RURAL-SPECIFIC RESOURCES FOR PLANNERS
Small rural schools
share many problems and dilemmas, and appropriate projects using computers and
digital telecommunications can be fashioned to help address them. Barker and
Dickson (1996) provide a series of questions to help rural school administrators
assess their readiness to use common distance learning technologies; Beckner and
Barker (1994) provide a useful overview of the use of digital technologies in
rural schools. Sustainable Small Schools (Howley & Eckman, 1997), a handbook
published by this Clearinghouse, offers four strategic rules of thumb especially
for small rural schools and their communities:
Recycle. Use and reuse the resources your community already has. Even an
"antiquated" computer can serve excellent purposes in helping someone learn to
type or learn the basics of word processing, spreadsheet, and database software.
Plan. Keep new systems very flexible. Plan for adaptability to changes in
your school's needs and in technologies. Emerging wireless technology, for
instance, could make asbestos removal and stringing inside wiring an expensive
Stay on track. Don't get bogged down in the details when you are considering
technology. Focus on the big and the mid-range issues rather than technical
details of hardware and software: What are our goals? Can technology help? How?
Tap into the community. See what businesses are using; look for used or
donated equipment. Community members may also be a source of knowledge and
skills; most communities have experts who would like to help the local school.

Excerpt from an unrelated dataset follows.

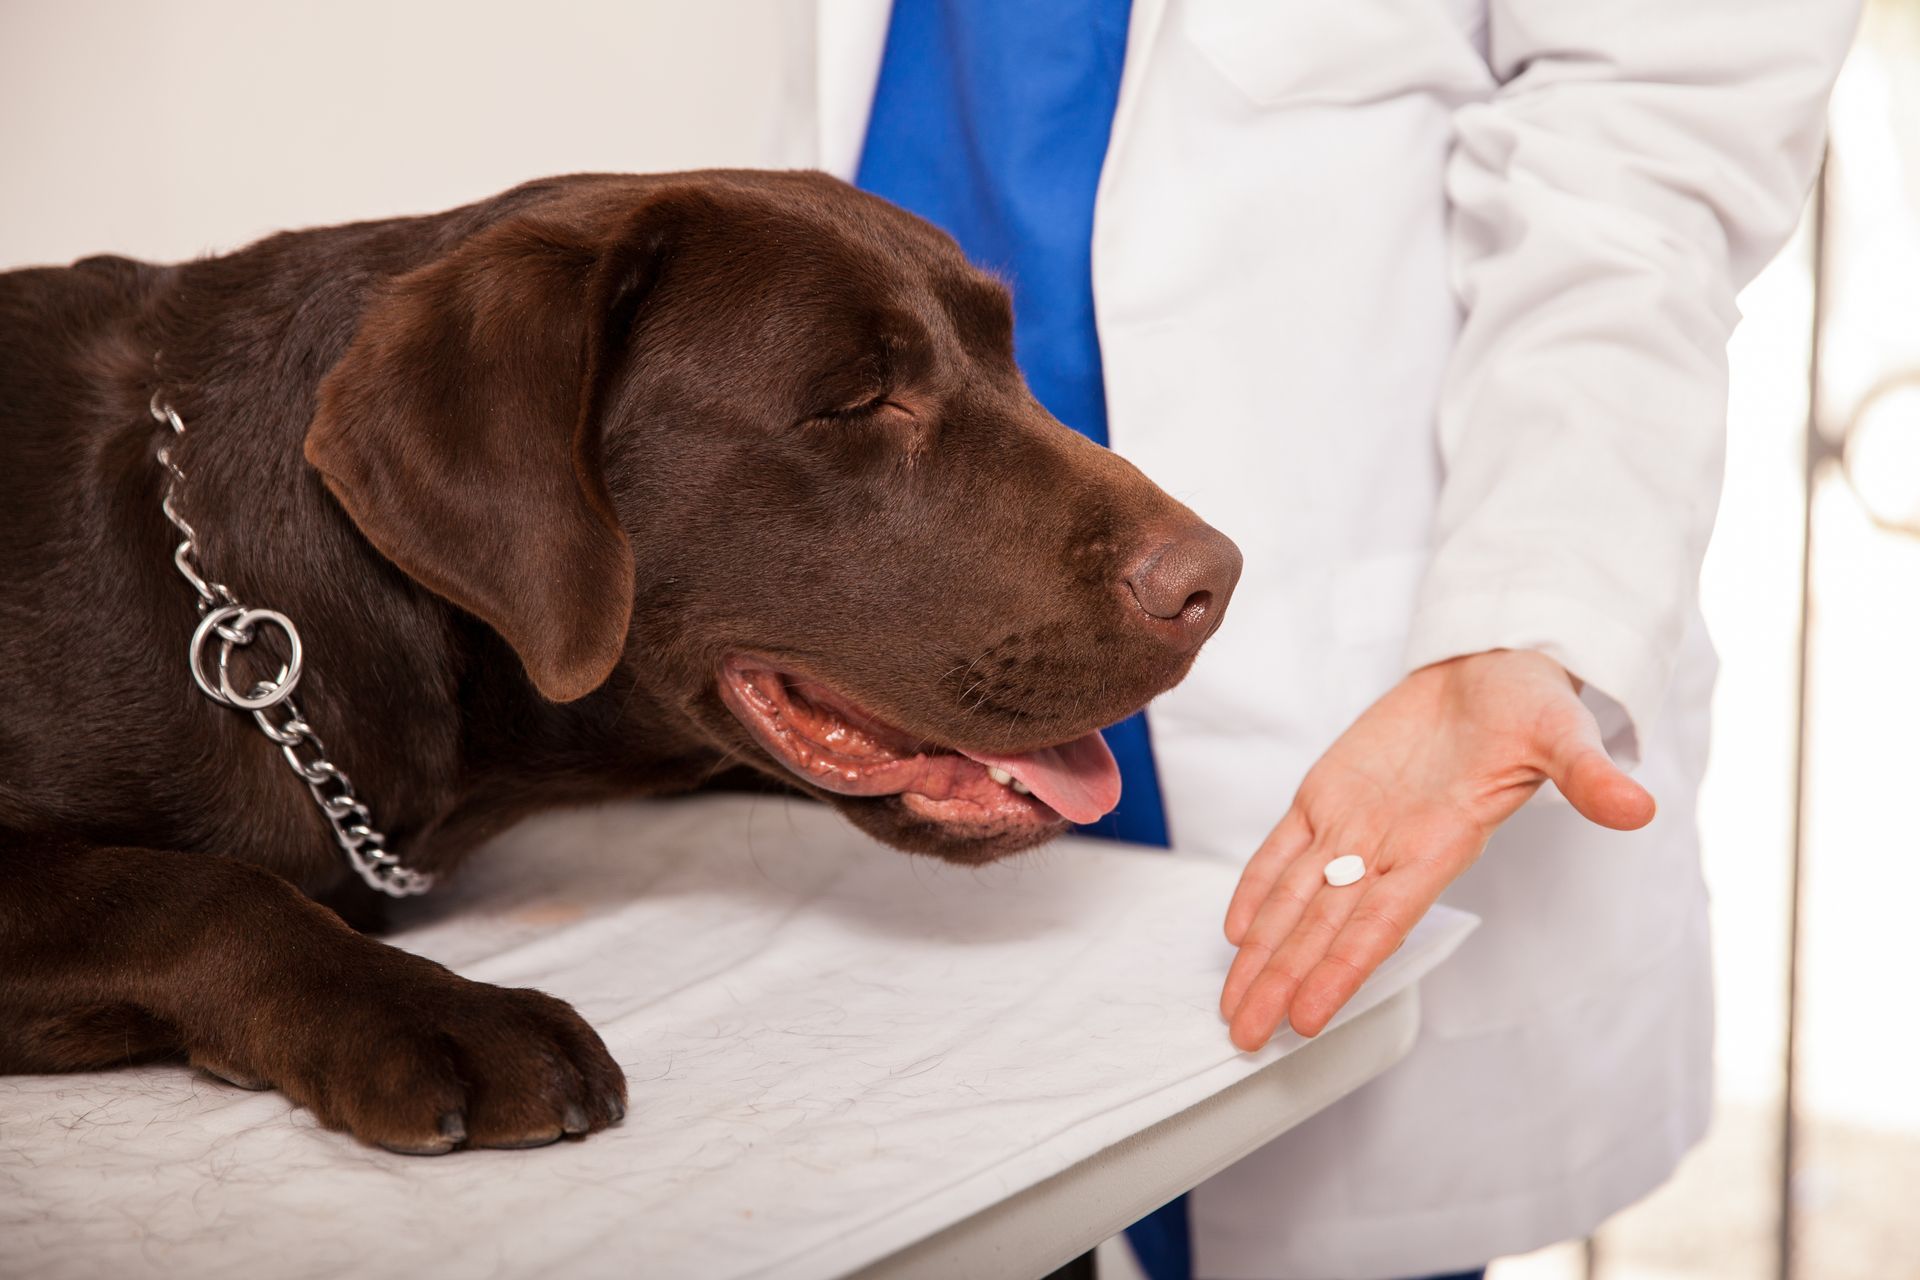 giving medicine to a dog

Rural schools don't have to look like urban
schools. Some people, however, insist that good applications of technology
require larger schools patterned after the urban model. This view reverses the
proper order of things: Small rural schools remain a valued fact of life in many
rural communities. The challenge is to determine the best way to use technology
in such places. This may also mean knowing when to resist the allure of
technology. Acquiring cutting-edge technology is not a good justification for
building larger schools or closing small ones. A better course is to seek a
middle ground, one that views the information infrastructure and computers as
tools for use in serving locally defined purposes without sacrificing other,
more durable and essential qualities of rural life and schooling.